### [WHAT YOU HAVE TO DO]
Please return the lines from the one with "Nike Todos Hardloopschoenen" through the end of the listing below, word for word, with every picture left out.

### [RECORDED DATA]
■ ■ ■

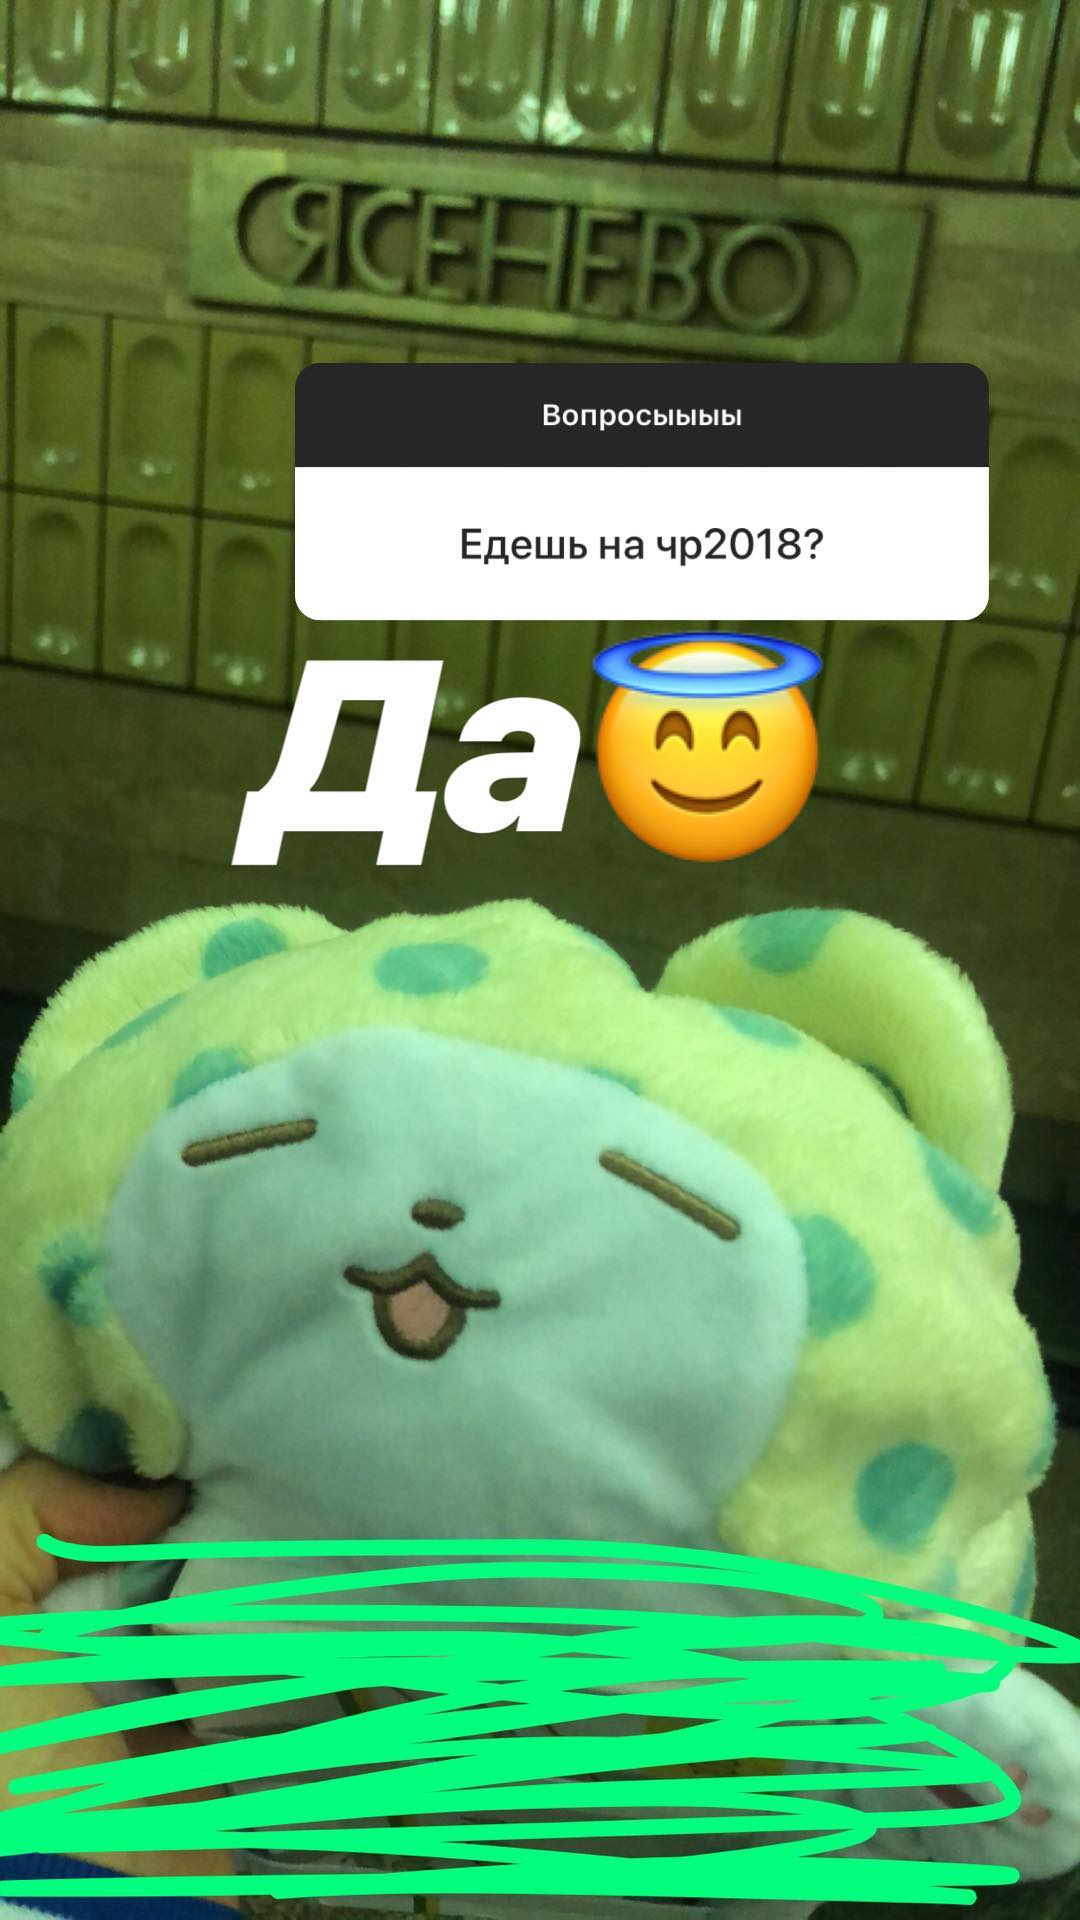 Дарья Паненкова - Страница 8 Kvmkvtb_MsI
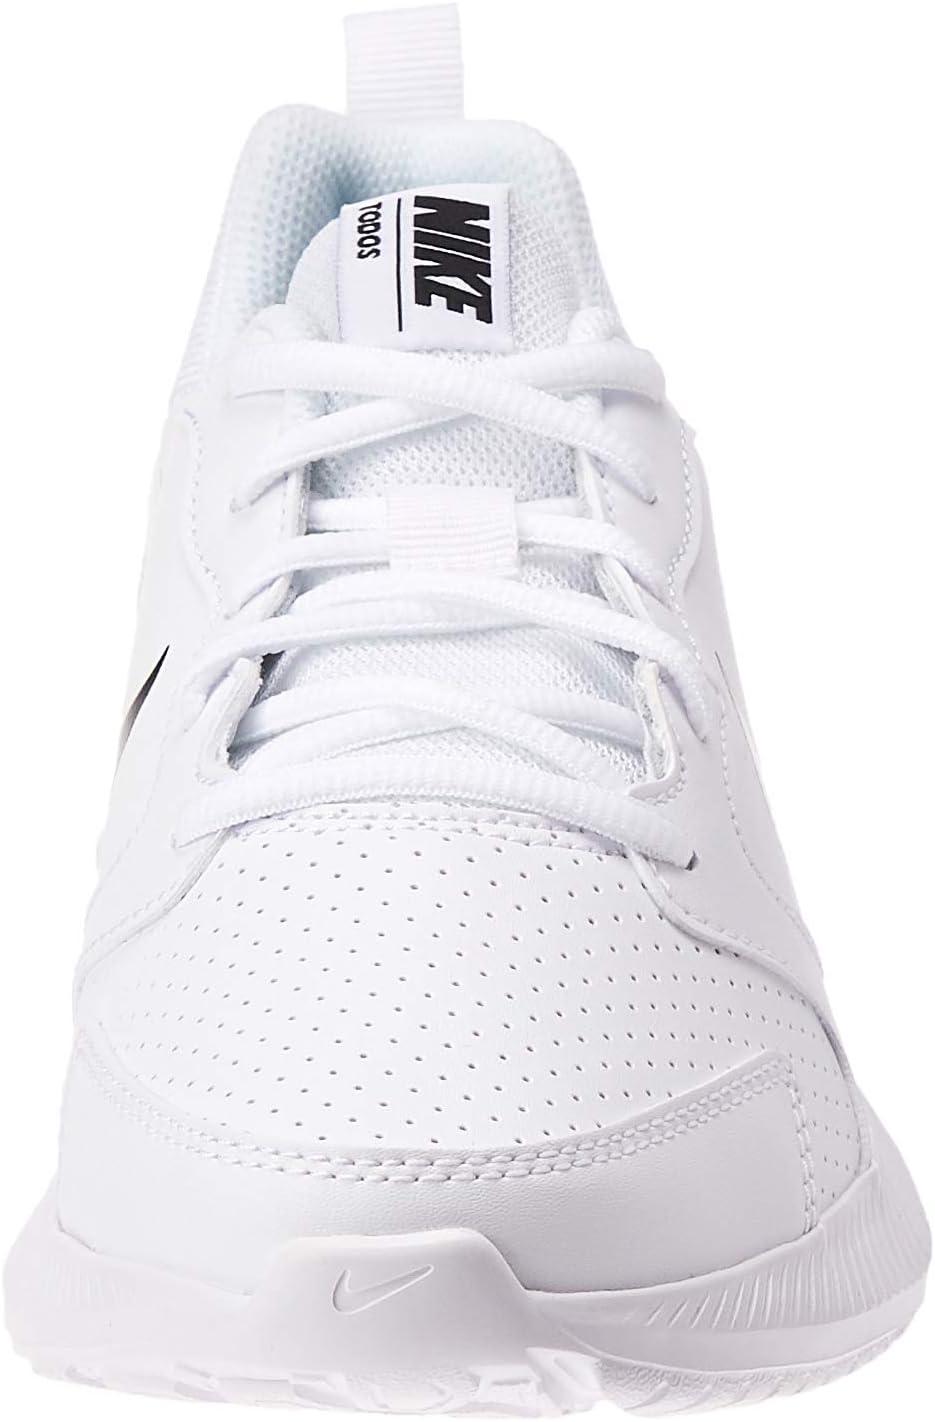 Nike Todos Hardloopschoenen voor dames White White Black 101
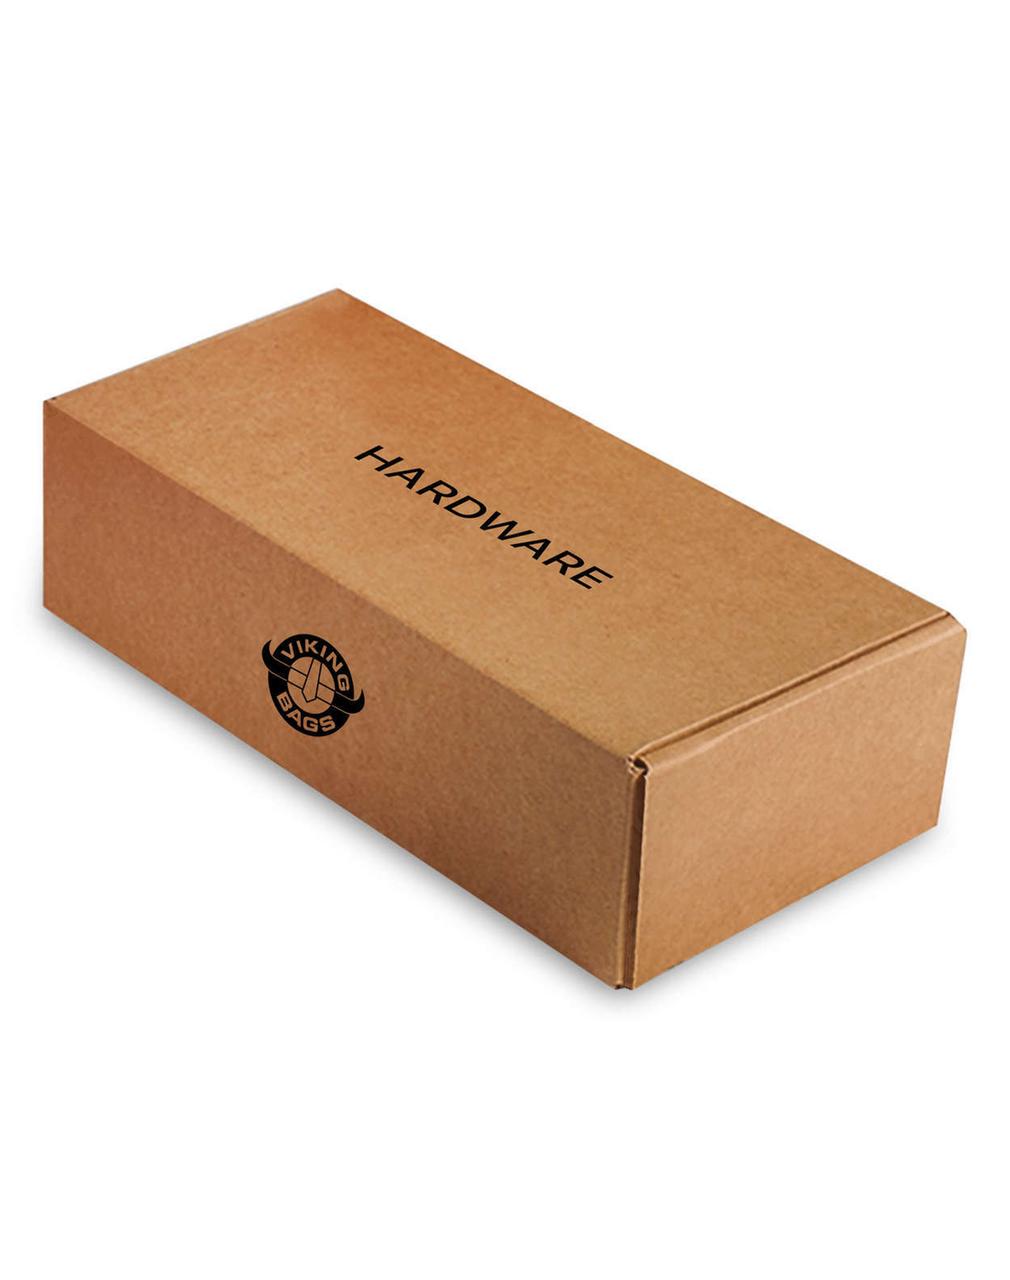 Triumph Thunderbird Viking Armor Shock Cutout Motorcycle Saddlebags Box
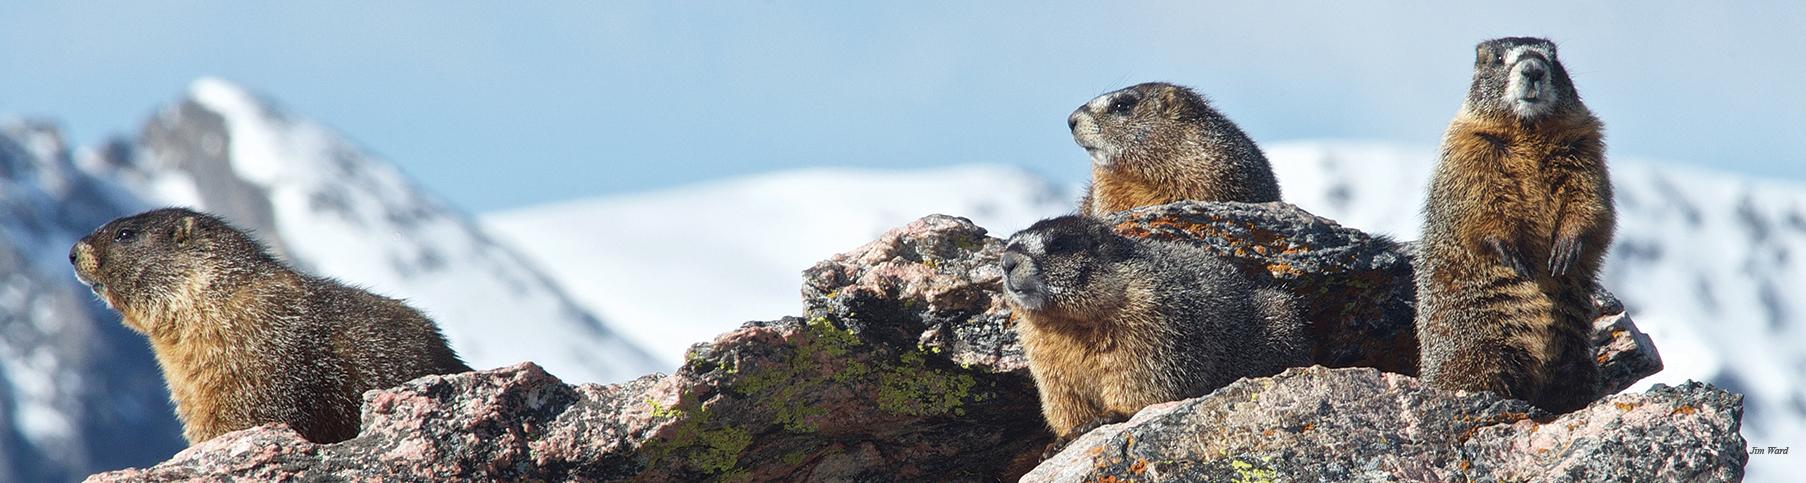 TRR Marmots JWard

■ ■ ■

### [RESPONSE AREA]
 Nike Todos Hardloopschoenen voor dames White White Black 101
 Triumph Thunderbird Viking Armor Shock Cutout Motorcycle Saddlebags Box
 TRR Marmots JWard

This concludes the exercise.